- **Exercise directions**: Output a character-exact copy of the data, images removed.

- **Information shown**:
⁂
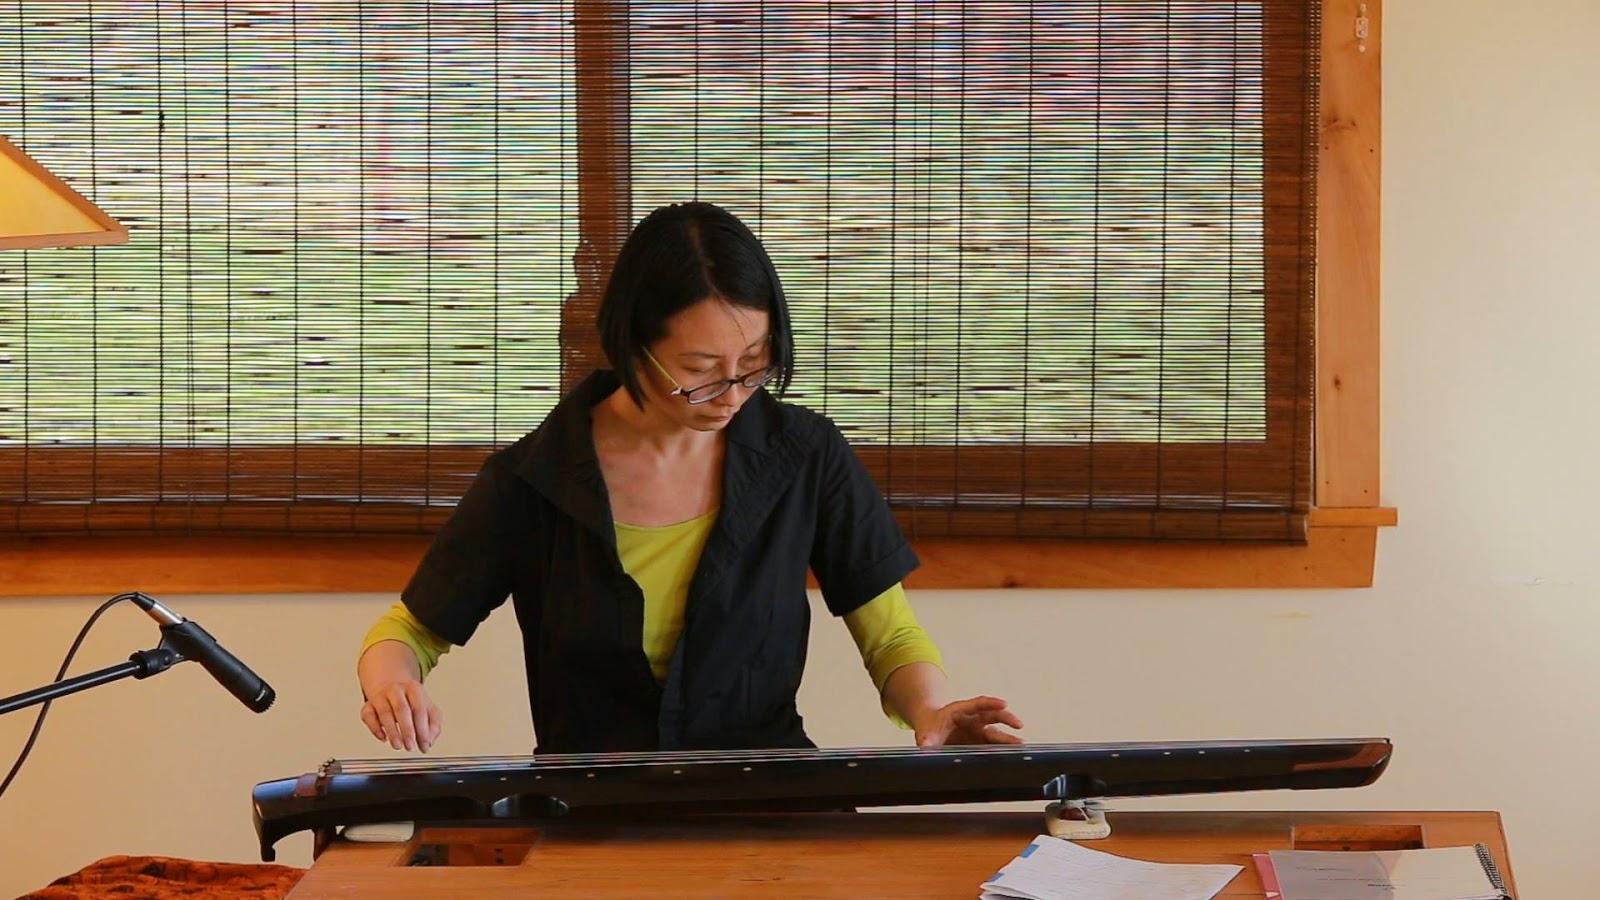 傳統古琴收音方式
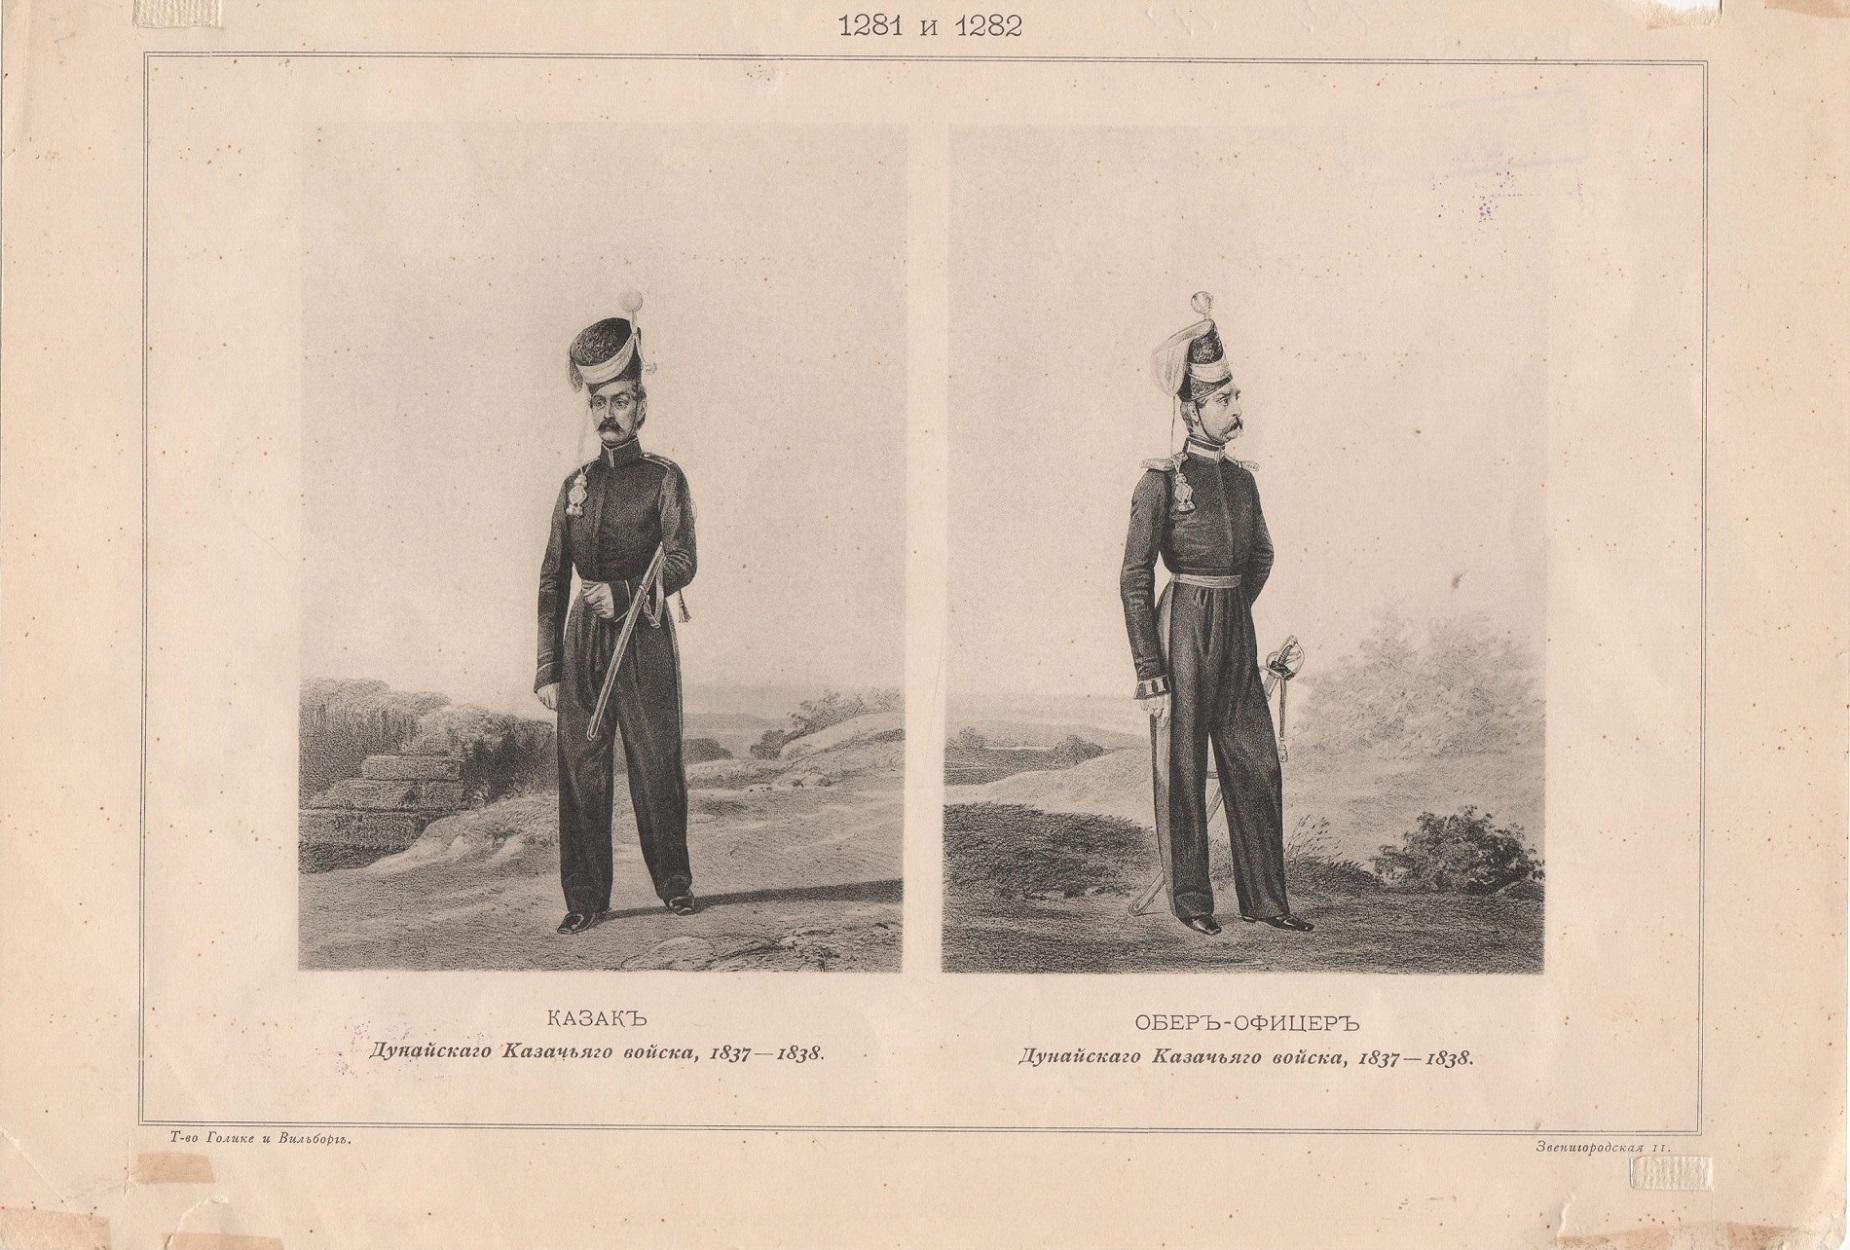 """Репродукція. """"Козак Дунайського Козачого війська, 1837 - 1838 Обер-офіцер Дунайського Козачого війська, 1837 - 1838"""""""
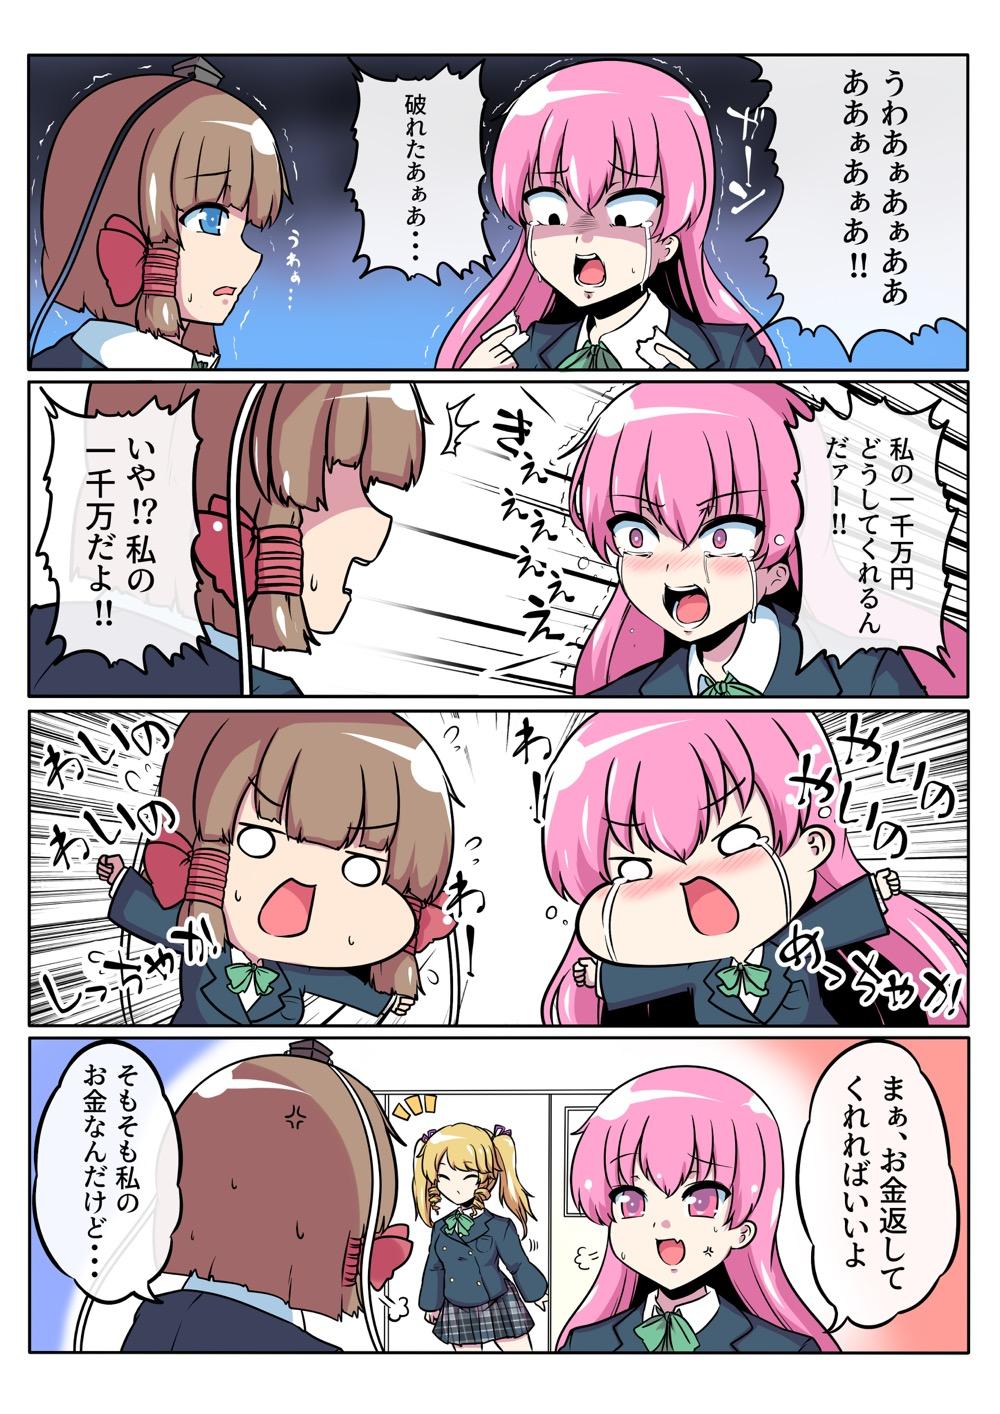 のーまねーがーる【第10話】_漫画
⁂
- **Answer box**:
 傳統古琴收音方式
 """Репродукція. """"Козак Дунайського Козачого війська, 1837 - 1838 Обер-офіцер Дунайського Козачого війська, 1837 - 1838"""""""
 のーまねーがーる【第10話】_漫画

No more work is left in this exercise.